CheneyTheDick: honestly, it's so easy to get out of jury duty without even lying, I don't know what the big deal is. The thing that scared me was how many people WANTED to be on a jury for the $40 a day

//yay brooklyn
/8 years til I'm called again


All I do is answer the questions about my level of education and what kind of work I do and speak in complex sentence, using formal English and I am dismissed. Lawyers really do want only stupid people on juries if they can swing it. I got called once and a painfully stupid woman argued that she could not be called for jury duty because she lived in the city, not the county and this was the county court, not the municipal. The judge tried to explain it to her four times before giving up and telling her that she needed just accept that she was rightfully called. The defense attorney immediately said "This juror is acceptable, your honor."
2012-11-14 02:09:31 PM
1 votes:
I had jury duty in 1999. It was a bizzare real estate case. I did not expect to be picked, but both attorneys were keen on me being on that jury and I was the first one agreed on.
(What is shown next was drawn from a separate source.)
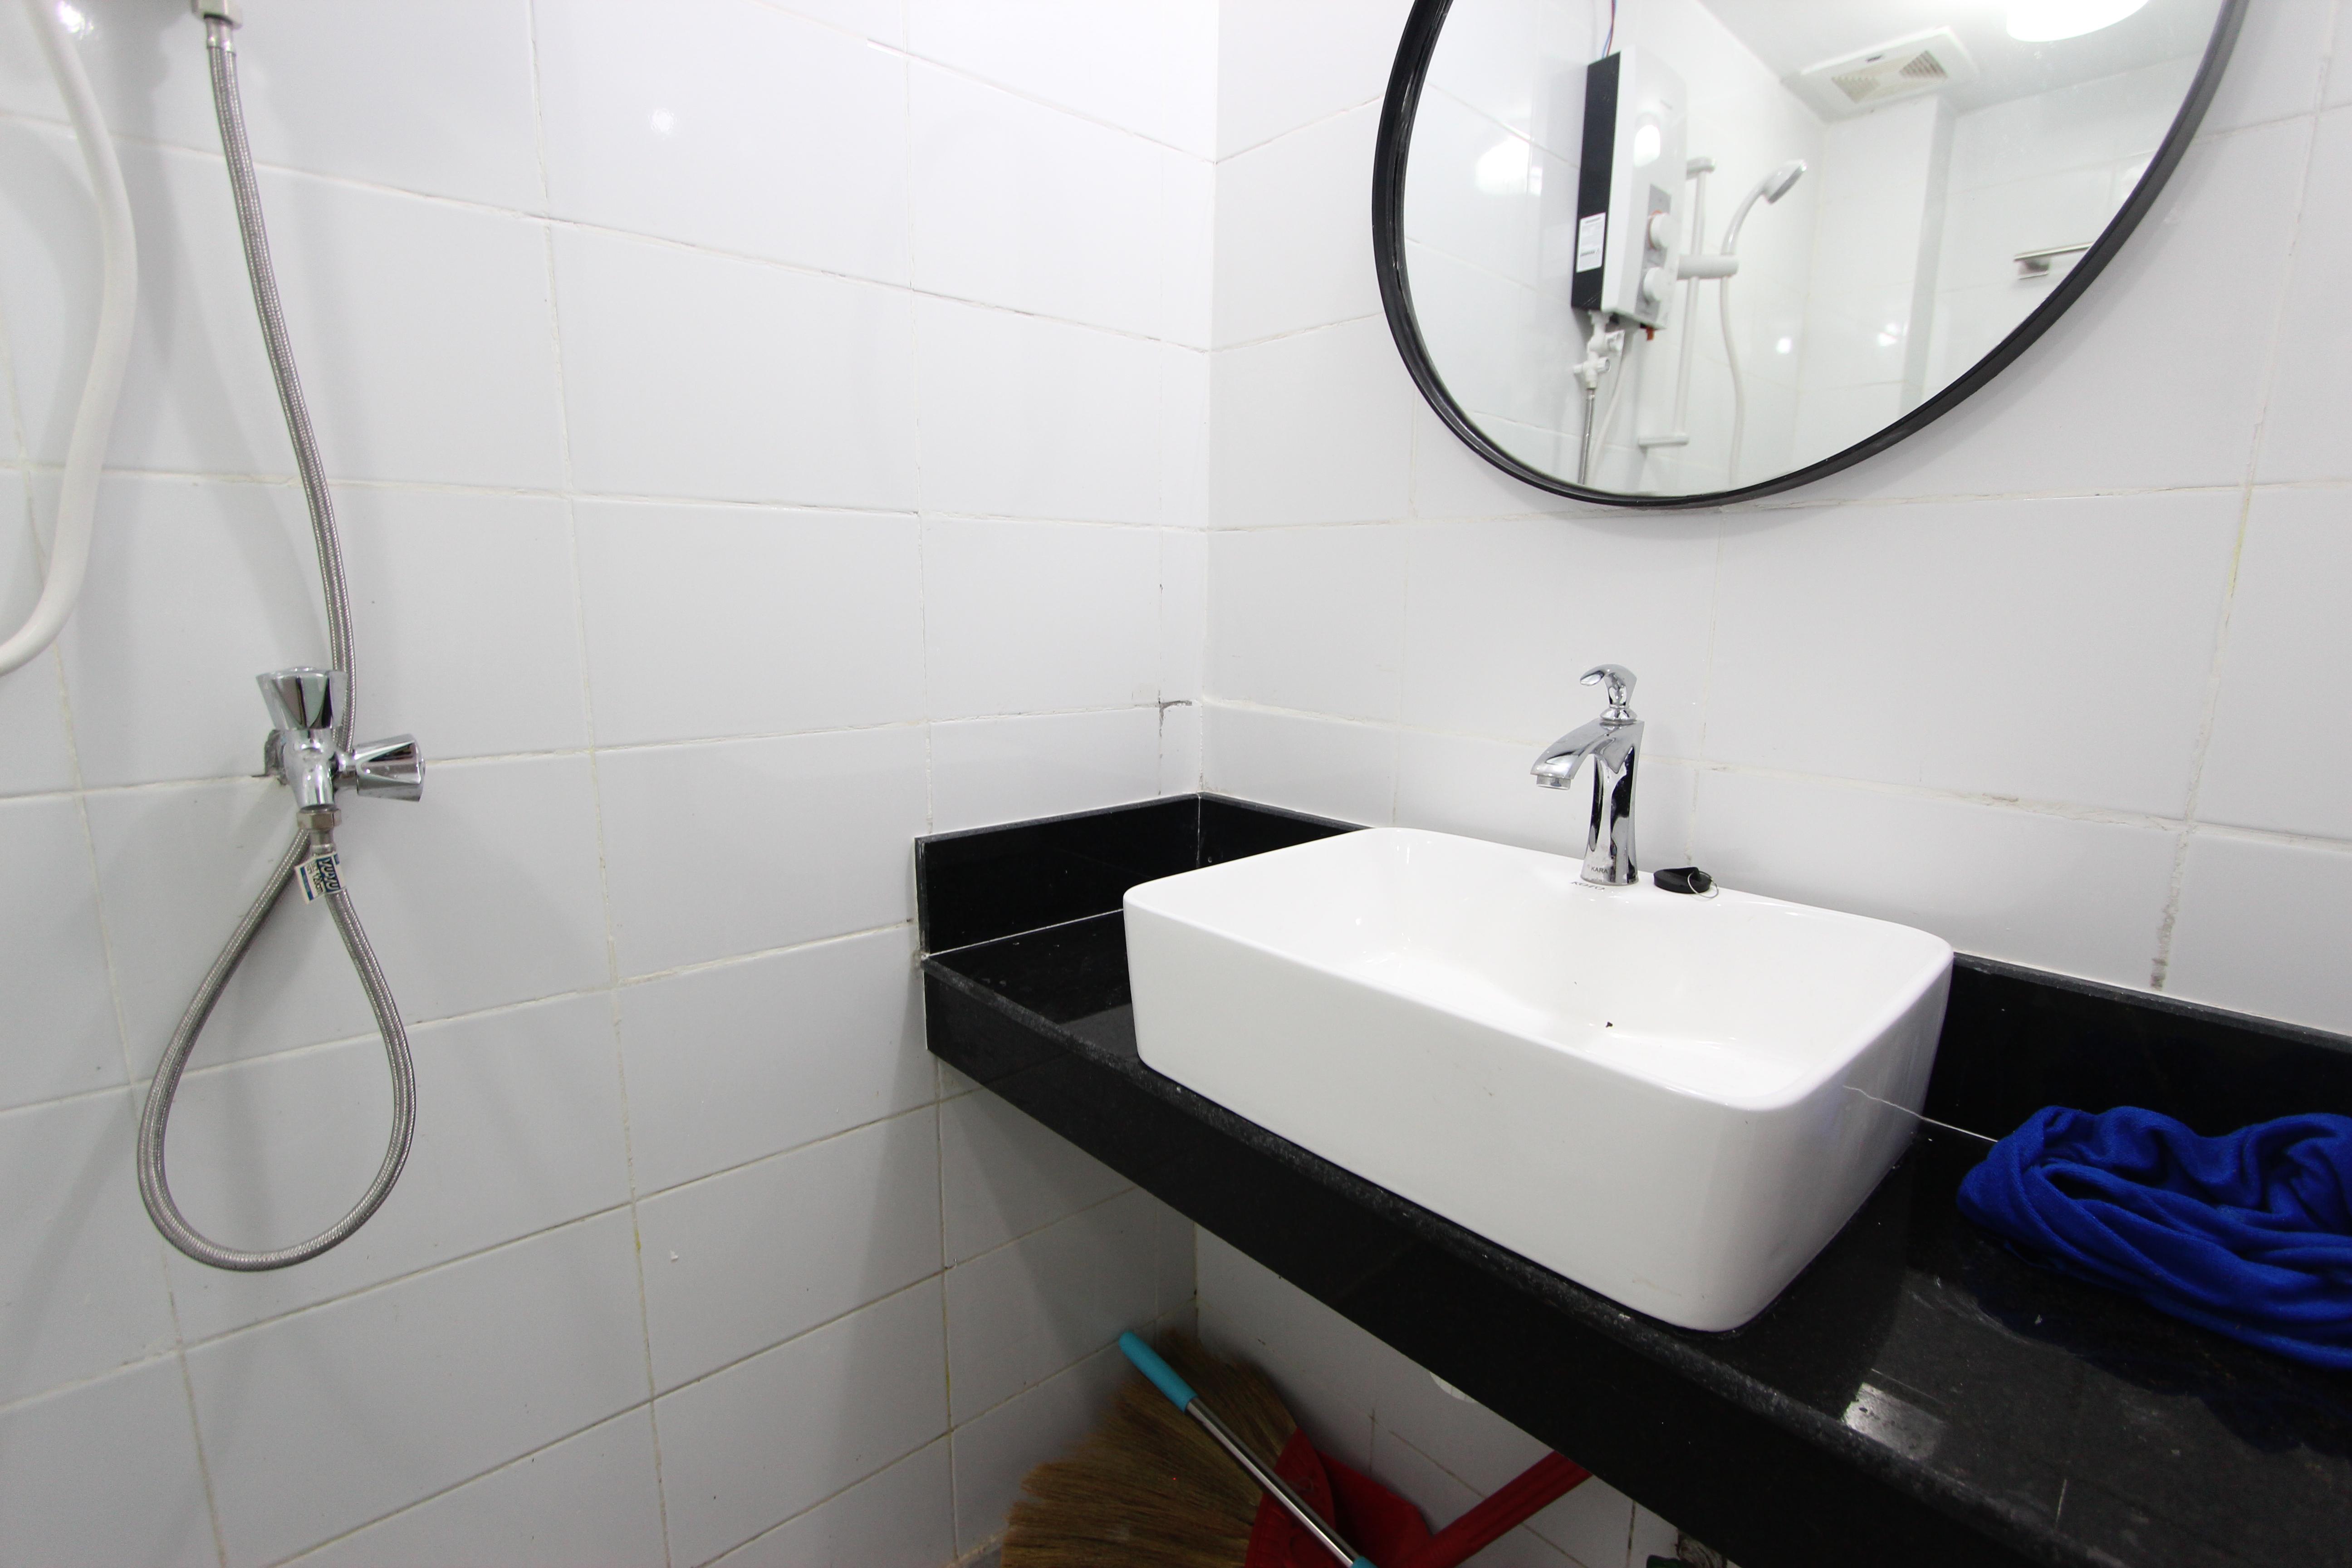 Newly Renovated 2 Bedroom Apartment In Daun Penh | Phnom Penh Real Estate

It was interesting for about an hour. After the first break, I wanted to strangle four of the other five jurors. The Judge gave explicit instructions (don't discuss the case, don't do your own research, etc.) and of course they want to discuss the case during lunch.
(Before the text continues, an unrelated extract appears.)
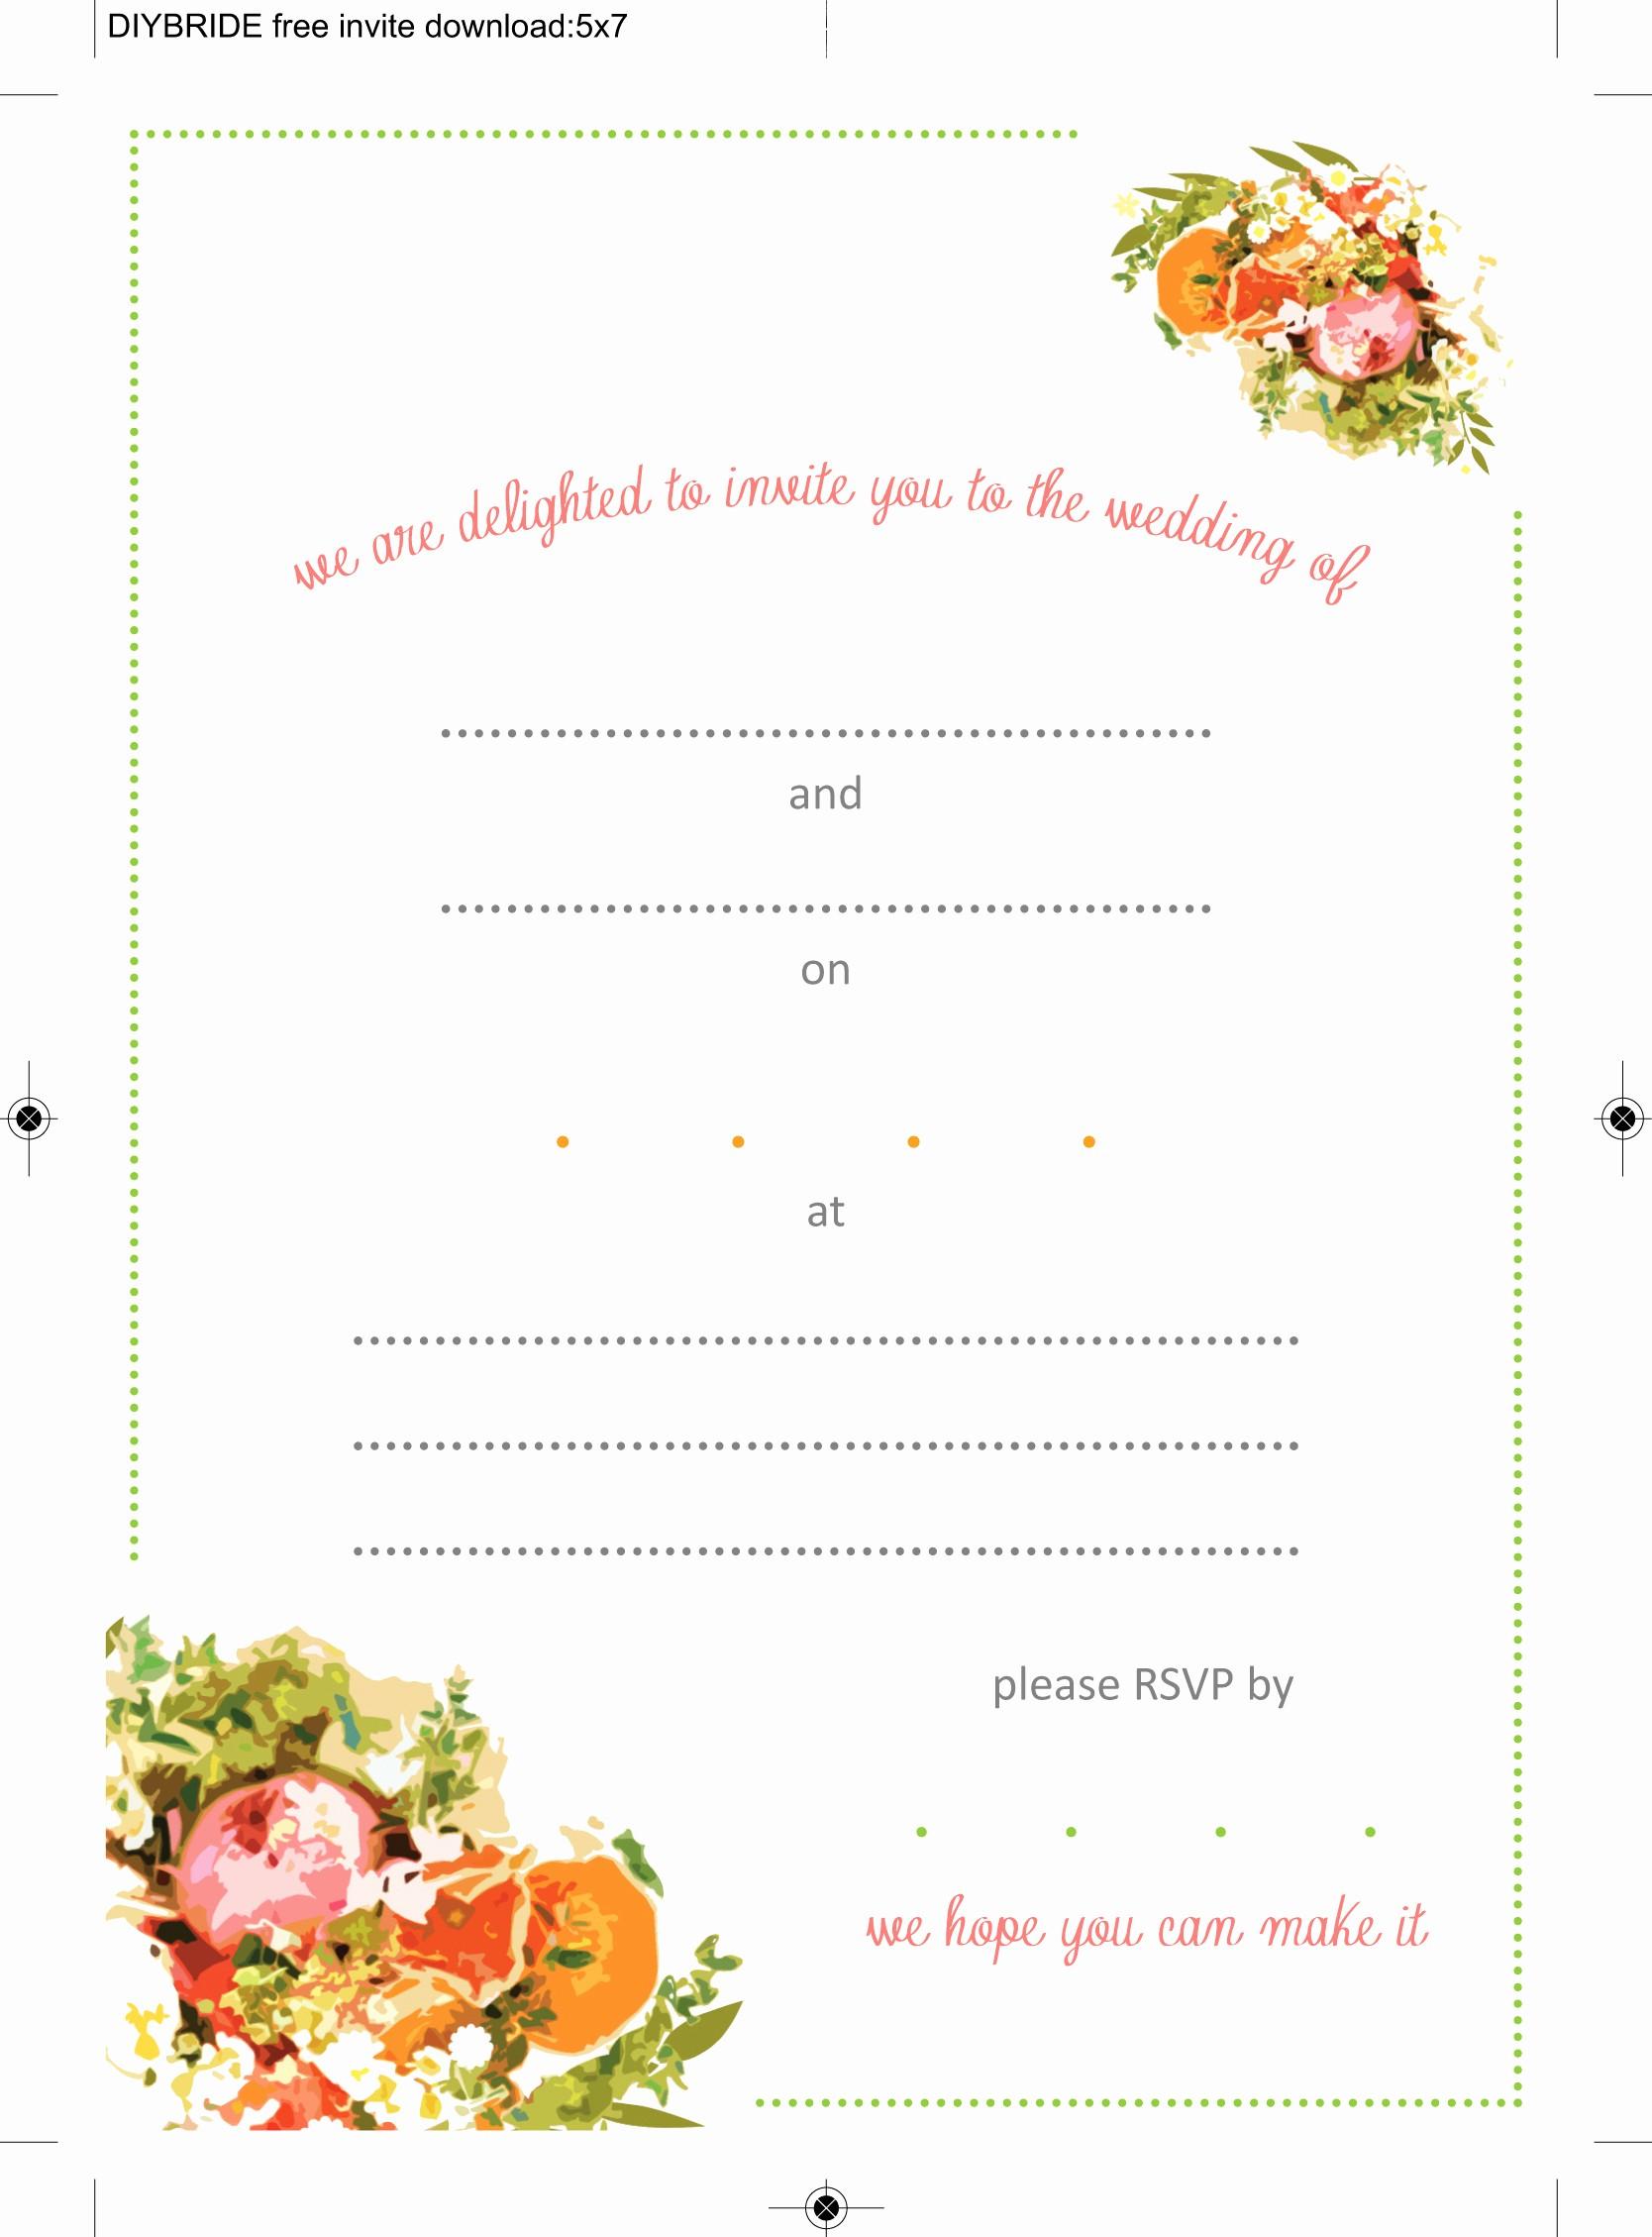 Wedding Invitation Template Word Free Fresh Wedding Invitation Templates that are Cute and Easy to

A week of this boring crap and constantly trying to not be engaged by the other jurors during breaks had me pretty flustered. I was trying to take it seriously, as it was a property dispute and I wanted to make sure I understood what was going on.

Then the judge declared a mistrial after a week.

Next time I'm declaring bias and getting my happy ass outta there
2012-11-14 02:08:55 PM
1 votes:
I would love to be on a jury for a case so i can finally have my chance to nullify, but with my luck it will probably be someone on trial that is even more despicable than a judge/prosecutor, they're rare, but they're out there.
2012-11-14 02:07:59 PM
1 votes:

Aarontology: People who try to get out of jury duty are like people who don't vote.

They deserve no right to complain about anything the government does.


Actually, I reserve the right to complain because I chose not to endorse the lesser of two evils. There is a difference between being too lazy to vote, and having an actual reason to not vote. I do not trust either candidate, I am not willing to become an additional tally that they feel endorses their entire platform.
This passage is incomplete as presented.